Apocalypse ? Le début d’une nouvelle ère
Miguel Ángel Velasco cmf
UNITAR Master Arts en études du développement et diplomatie
Nous vivons un moment apocalyptique, mais dans le vrai sens du terme. Apocalypse signifie, dans son sens premier, DÉVOILER, autrement dit : mettre à nu, découvrir, mettre en lumière, ce qui était auparavant couvert ou dissimulé. Nous sommes certainement dans un moment que l’on pourrait qualifier d' »apocalyptique ». On pourrait dire la même chose si l’on affirme que nous sommes à un tournant de l’histoire, à un changement d’époque.
Une longue histoire, mais… pas si longue.

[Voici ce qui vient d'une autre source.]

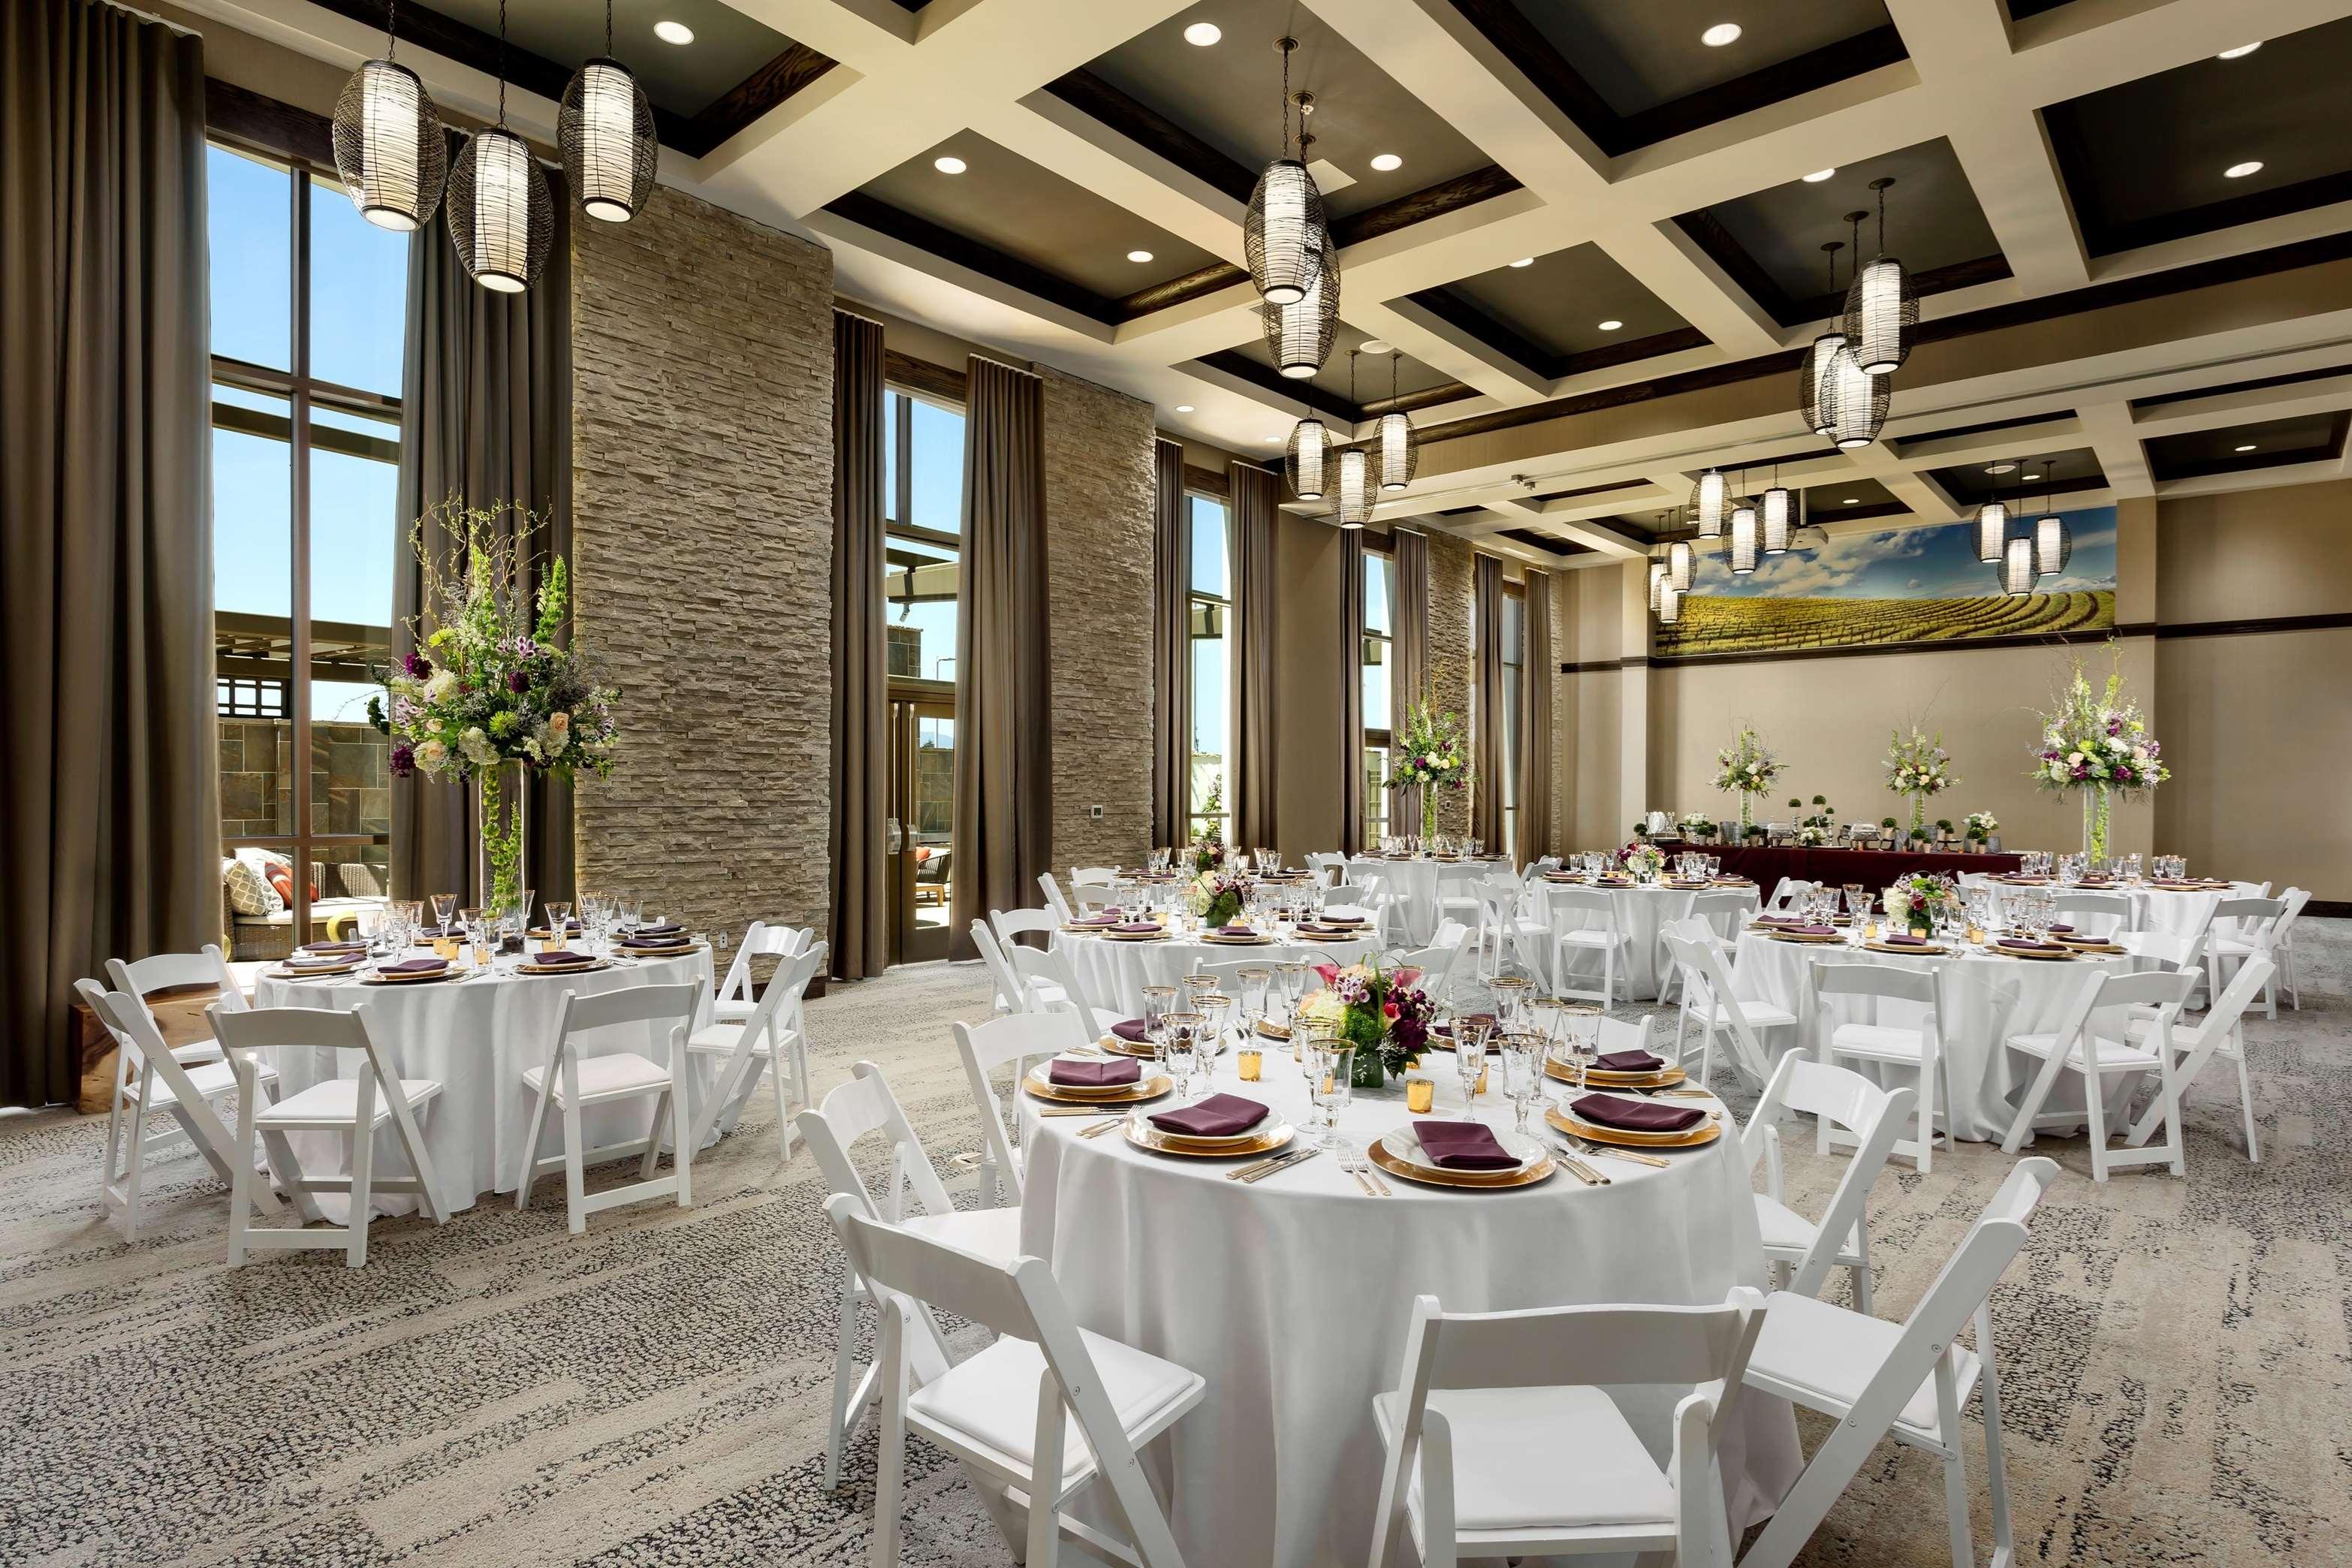 Hampton Inn & Suites Napa image 12
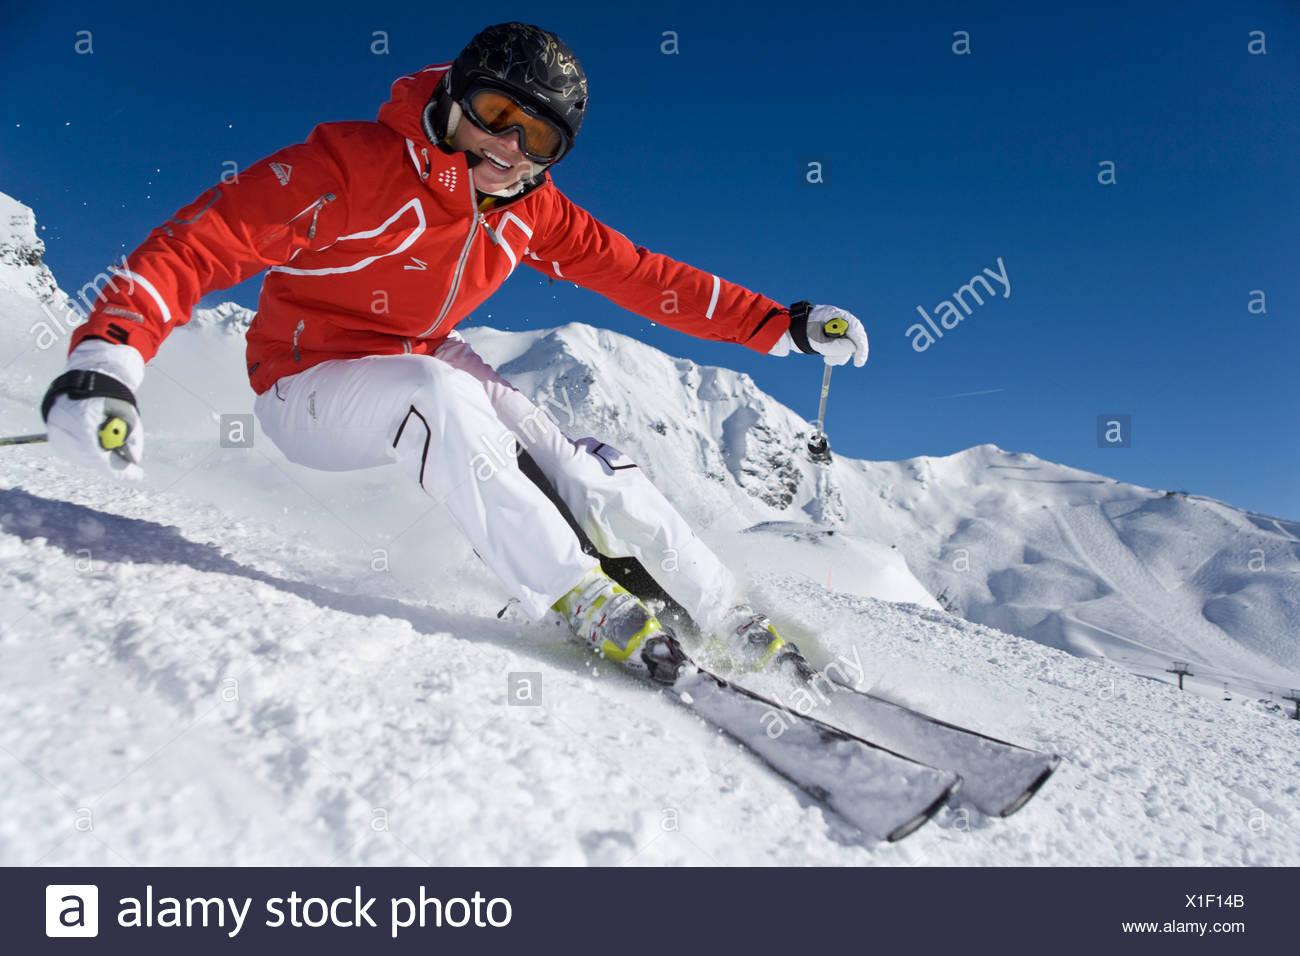 Woman ski carving skiing winter sports

Il n’est pas rare d’entendre des commentaires appelant à une autorité mondiale pour résoudre les situations intolérables dans notre monde. Certes, une sorte d’organisation mondiale est nécessaire pour résoudre de nombreux conflits actuels ; mais cette façon de « penser globalement » n’est pas très ancienne dans l’histoire des 2 millions d’années qui se sont écoulées depuis l’apparition du premier hominidé sur terre.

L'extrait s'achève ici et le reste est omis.